* _TASK DIRECTIONS_
Set down the whole listing below exactly, without pictures.

* _DATASET SECTION_
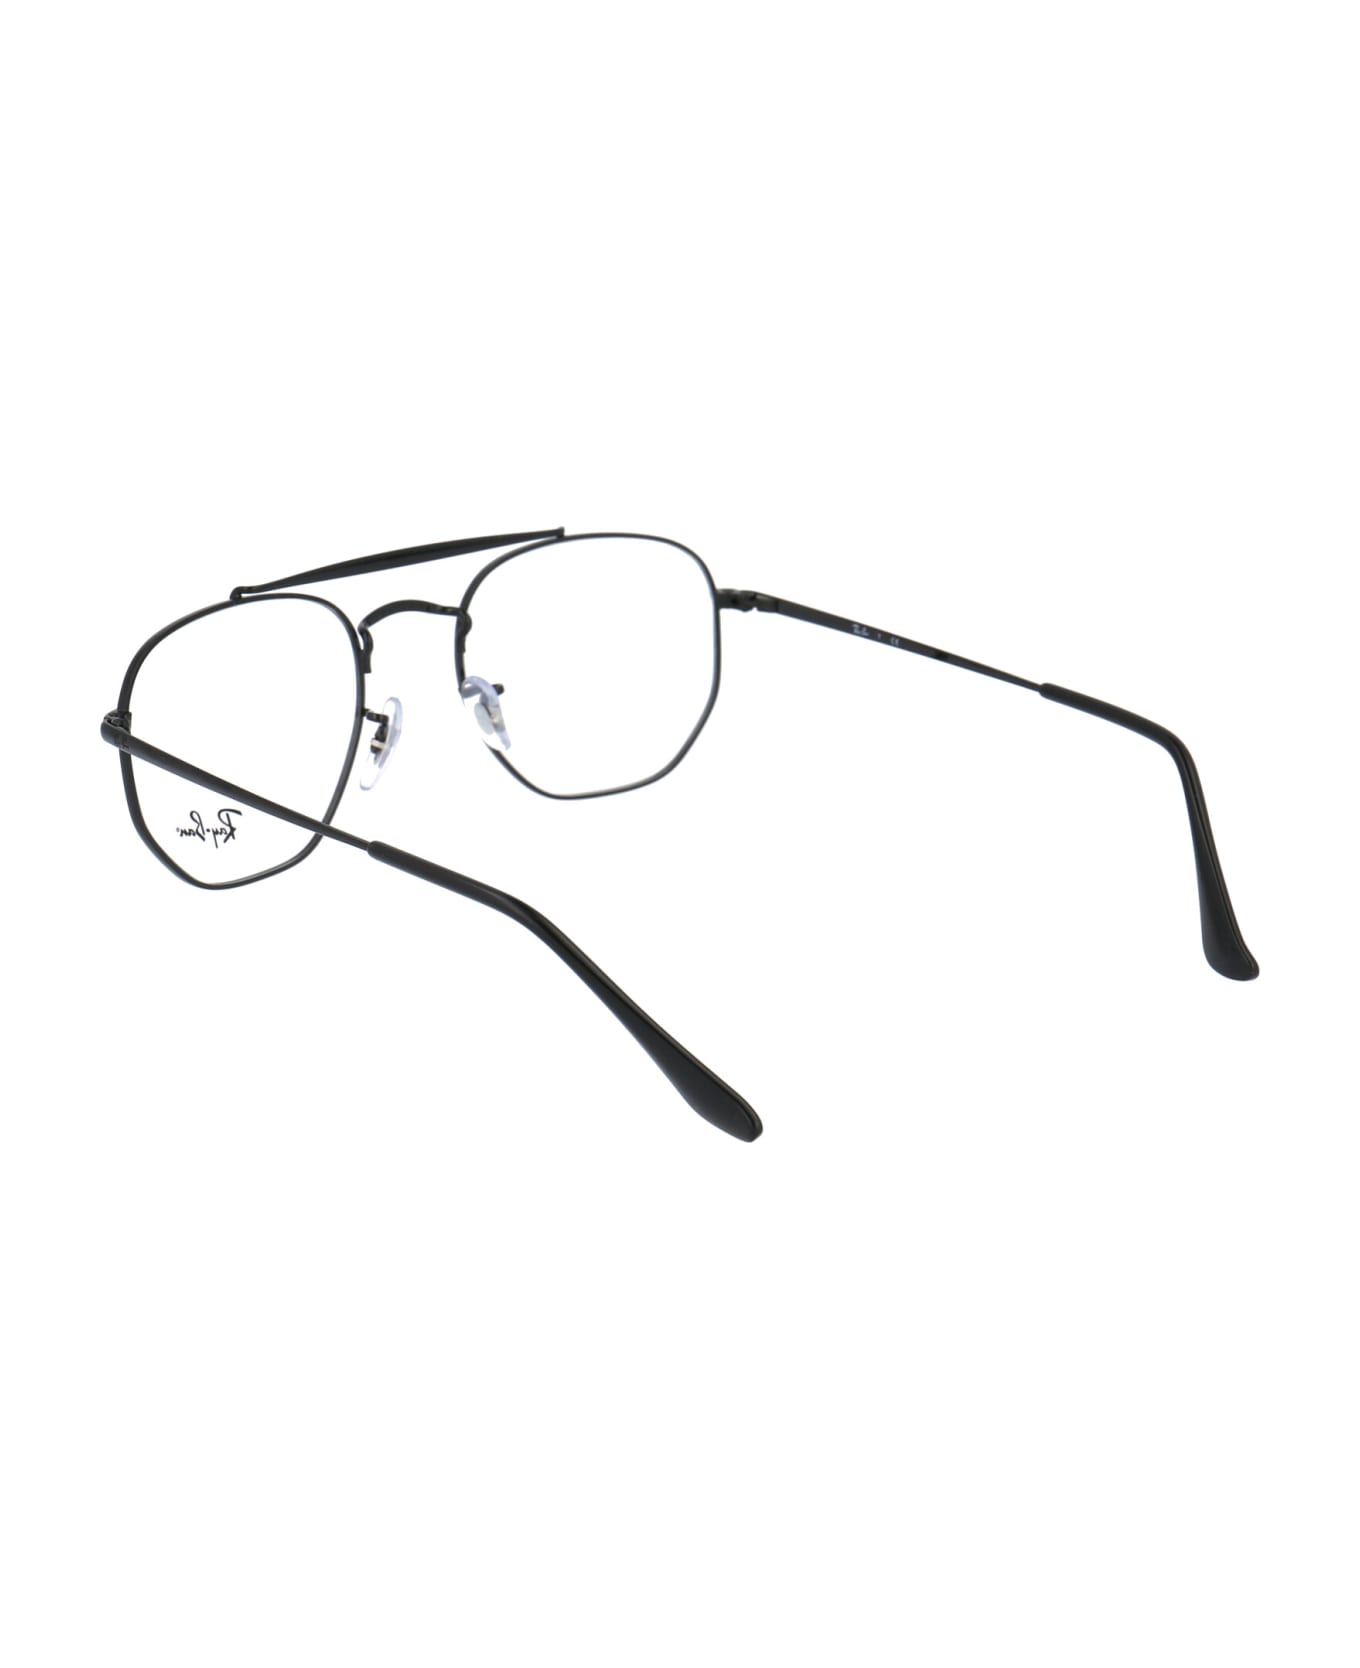 Ray-Ban The Marshal Glasses - 2509 BLACK
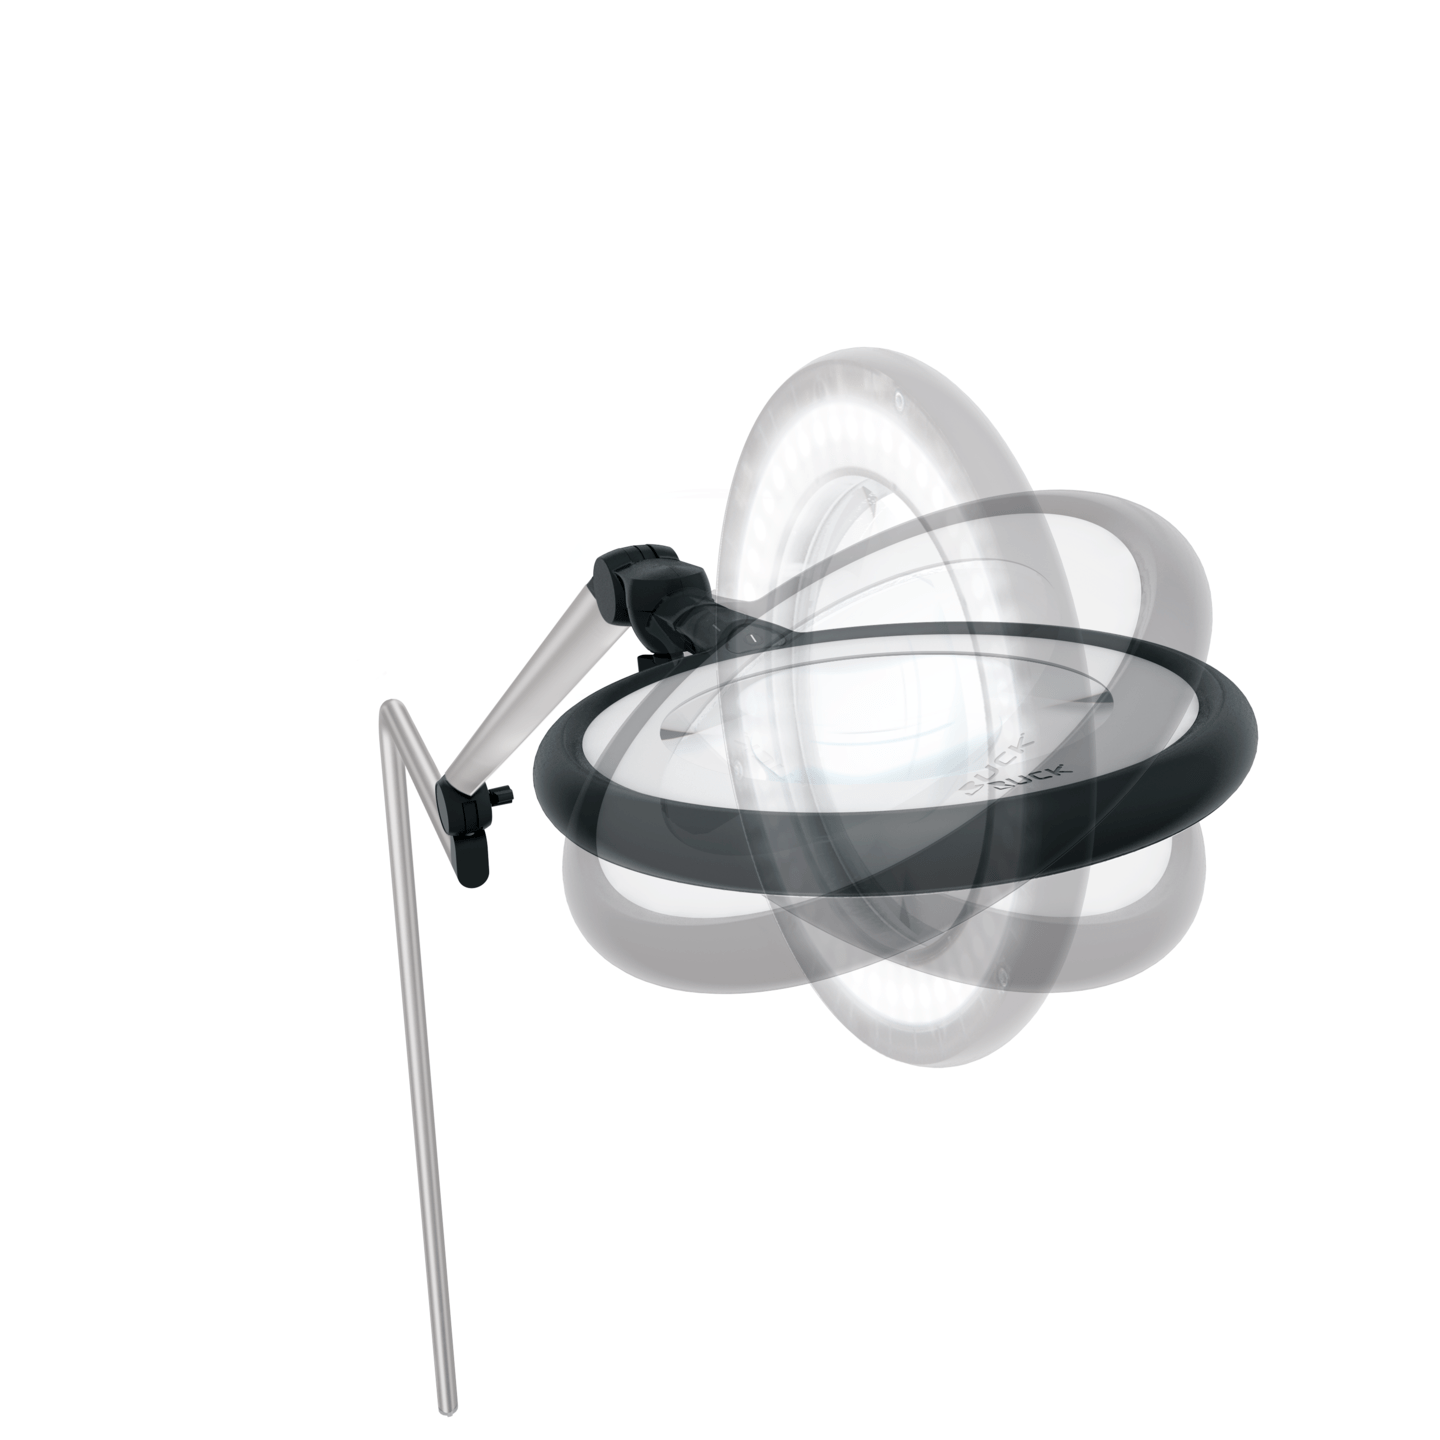 PODOLOG - RUCK® PODOLOG CIRCLE XL professional Magnifying Lamp
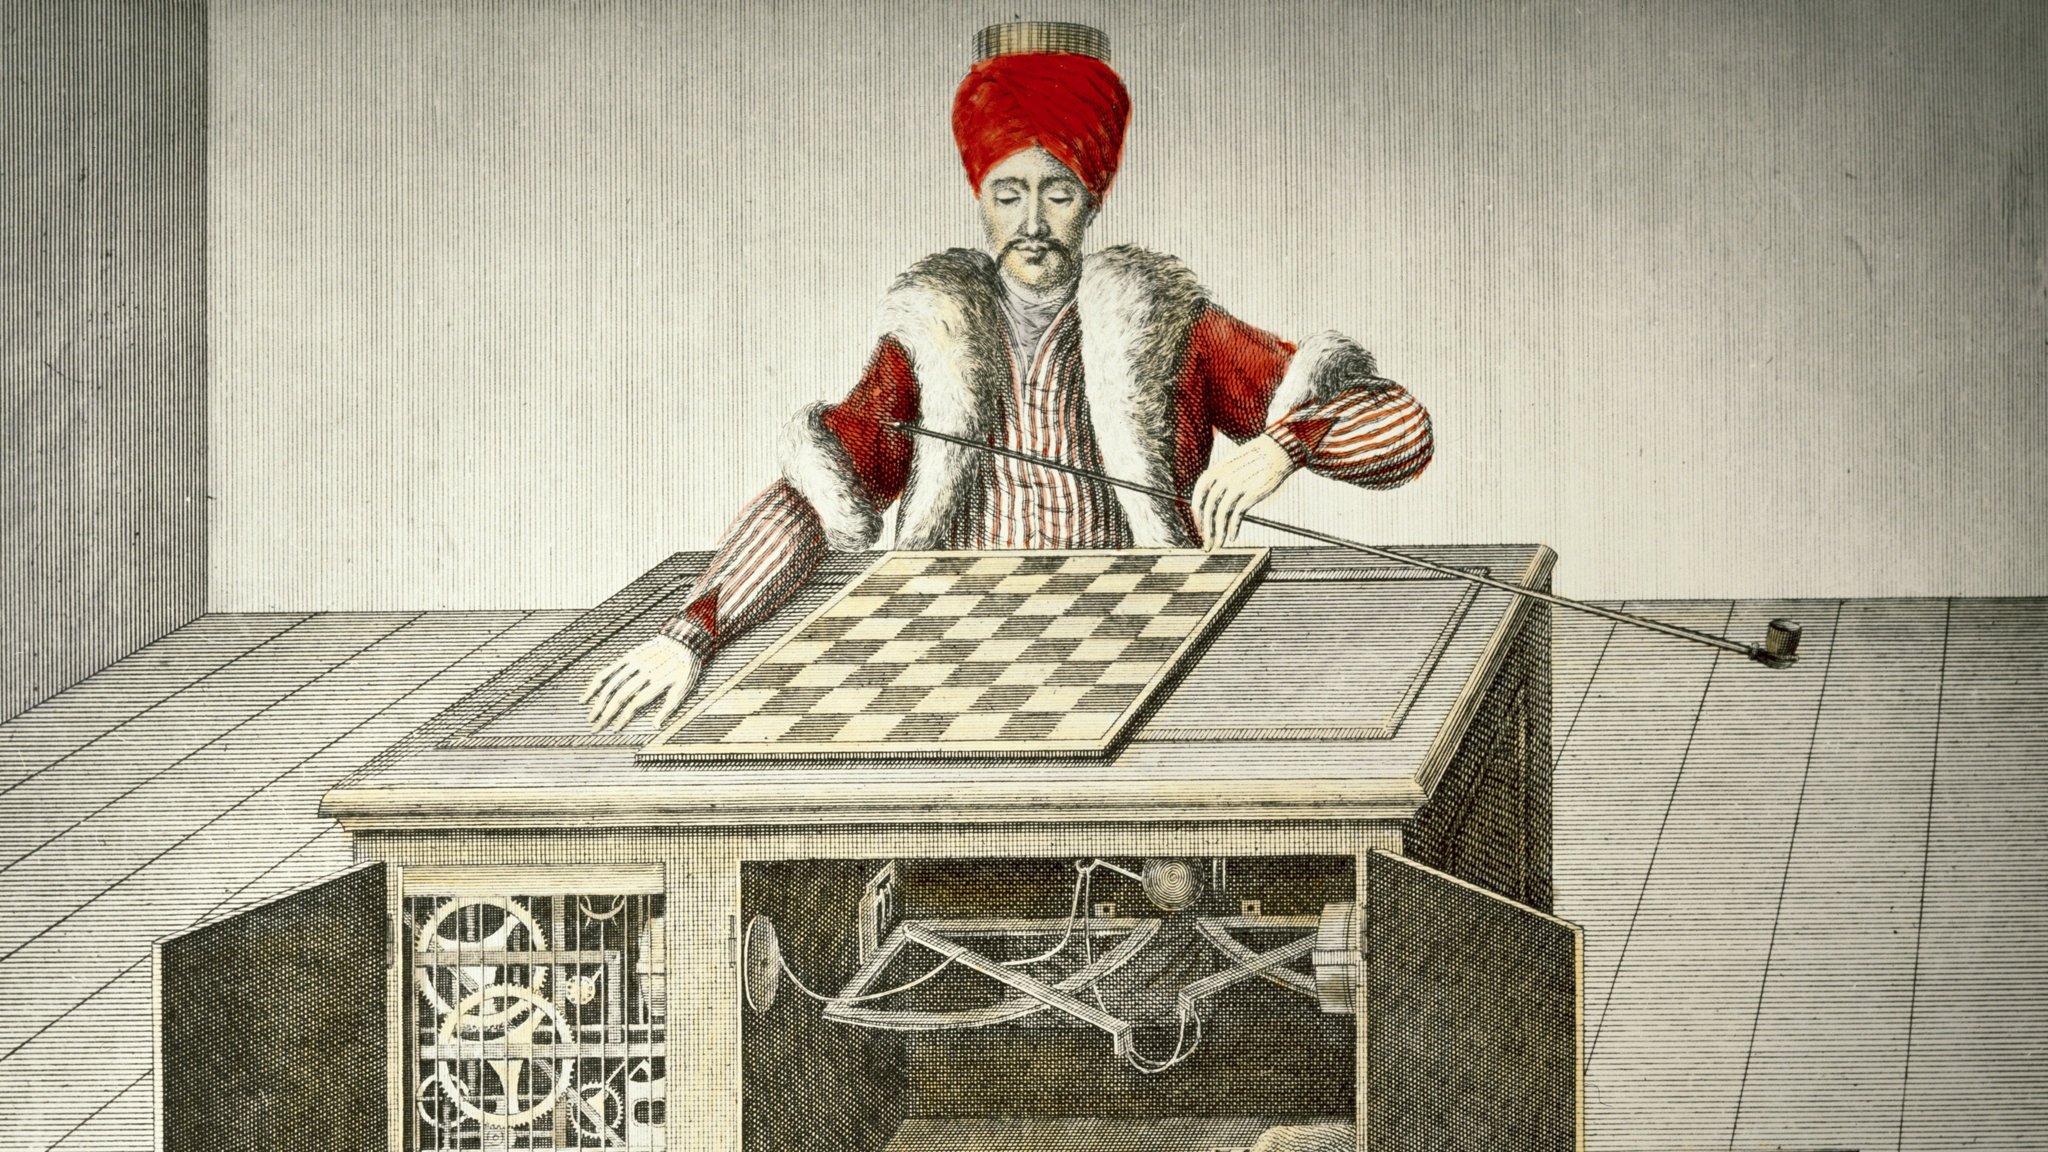 game and gambling, gaming machines, chess playing Turk, design by Wolfgang von Kempelen (1734 - 1804), built by Christoph Mechel

* _EXPECTED ANSWER_
 Ray-Ban The Marshal Glasses - 2509 BLACK
 PODOLOG - RUCK® PODOLOG CIRCLE XL professional Magnifying Lamp
 game and gambling, gaming machines, chess playing Turk, design by Wolfgang von Kempelen (1734 - 1804), built by Christoph Mechel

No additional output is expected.